= 2024 CONMEBOL Pre-Olympic Tournament squads =

The 2024 CONMEBOL Pre-Olympic Tournament was an international football tournament that was held in Venezuela from 20 January to 11 February 2024. The ten national teams involved in the tournament were required to register a squad of a minimum of 19 and a maximum of 23 players, including at least three goalkeepers (Regulations Article 48). Only players in these squads are eligible to take part in the tournament. The tournament exclusively requires players to be born on or after 1 January 2001 to be eligible, that is, they must be a maximum of 23 years old by the end of the calendar year in which the competition is played (Regulations Article 45).

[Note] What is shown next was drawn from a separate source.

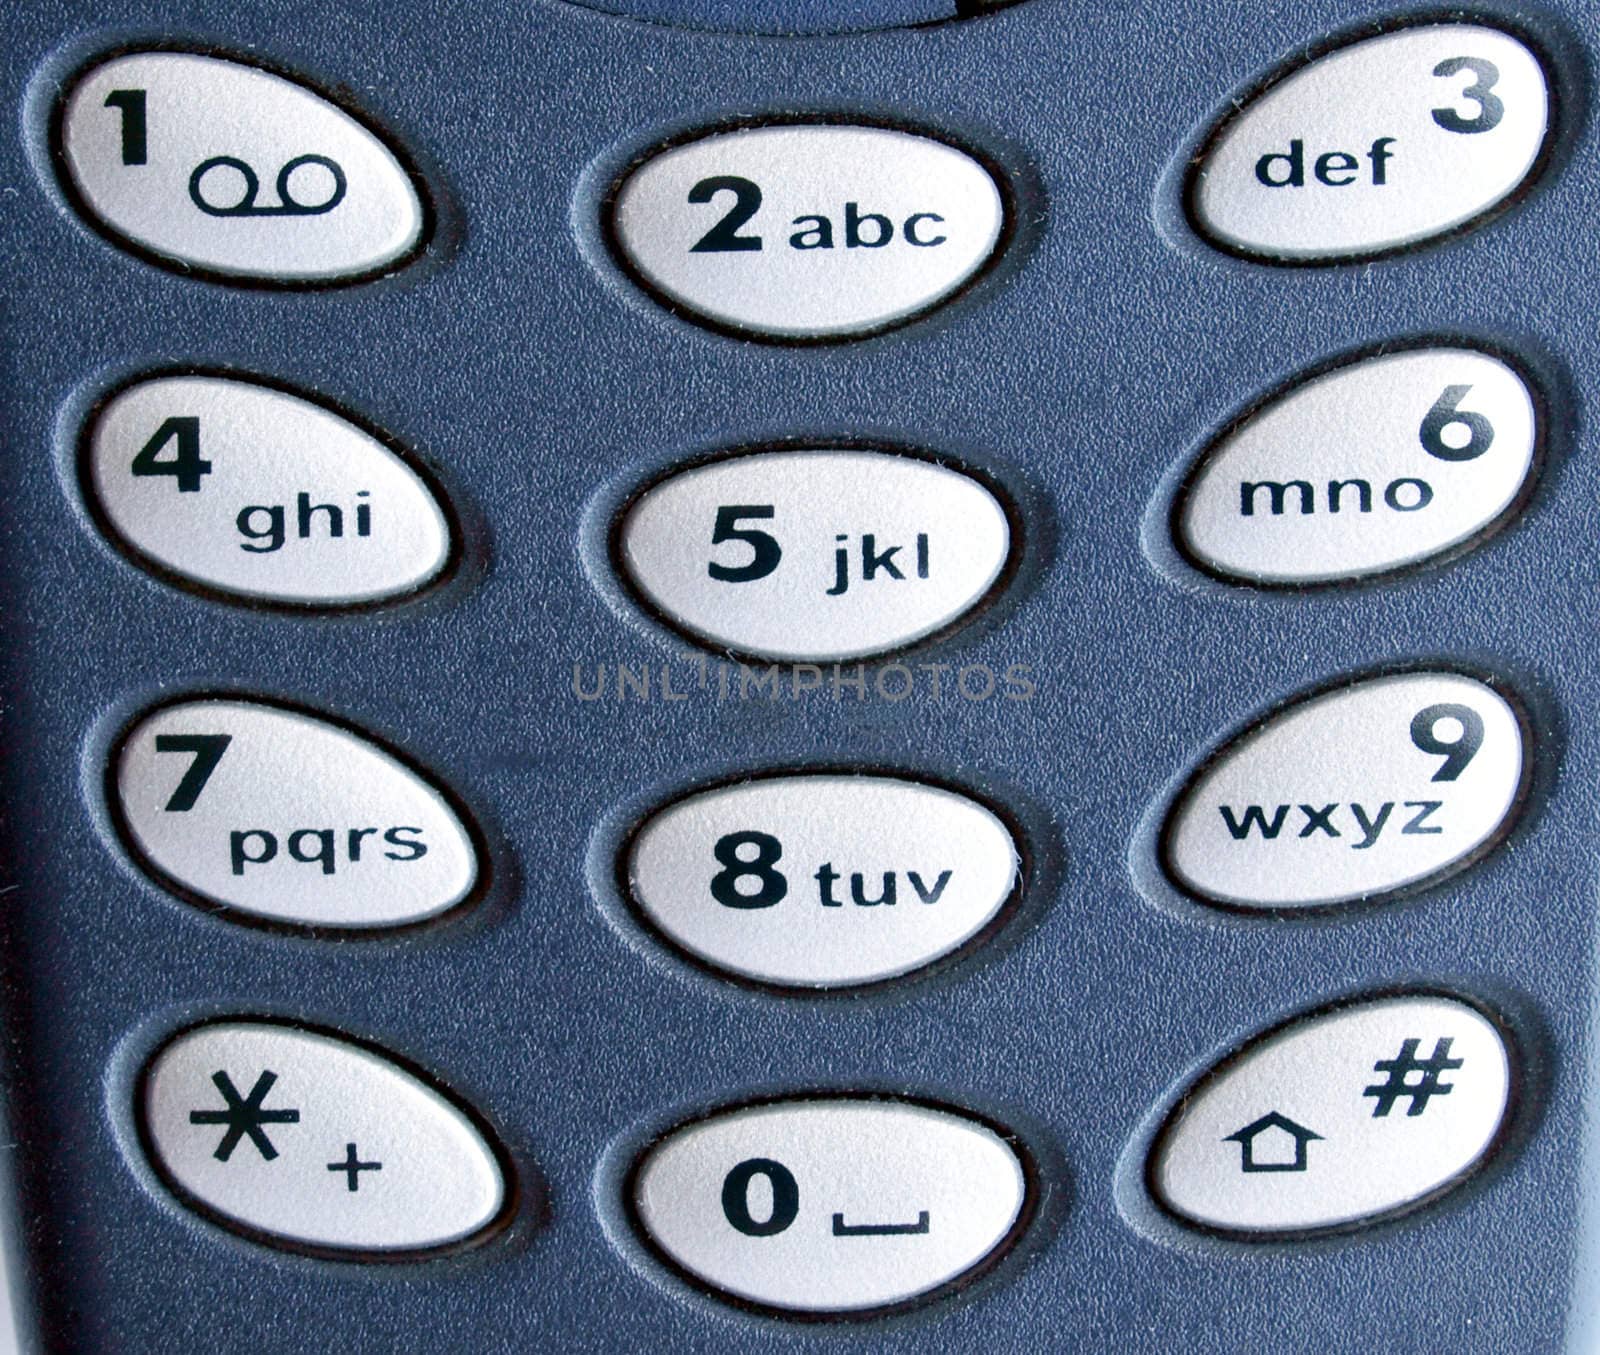 Detail of mobile phone keypad

As the tournament will not held during the FIFA International Match Calendar, clubs were not obligated to release the players.

Each national team had to register its list of up to 23 players in the COMET system and then submit it to CONMEBOL by 5 January 2024, 18:00 PYST (UTC−3) (Regulations Articles 49 and 50). Teams are only permitted to make player replacements in cases of serious injuries or illness up to 48 hours before the start of the tournament (Regulations Article 56). Teams are also permitted to replace an injured goalkeeper with another at any time during the tournament (Regulations Article 57). In addition, any player with positive PCR tests for SARS-CoV-2 may be replaced at any moment before and during the tournament (Regulations Article 59). All the substitutions must have the approval of the CONMEBOL Medical Commission.

The age listed for each player is as of 20 January 2024, the first day of the tournament. A flag is included for coaches who are of a different nationality than their own national team. Players name marked in bold have been capped at full international level.

==Group A==

===Venezuela===
Venezuela announced a preliminary roster of 28 players on 5 January 2024. The final 23-man squad was announced on 18 January 2024.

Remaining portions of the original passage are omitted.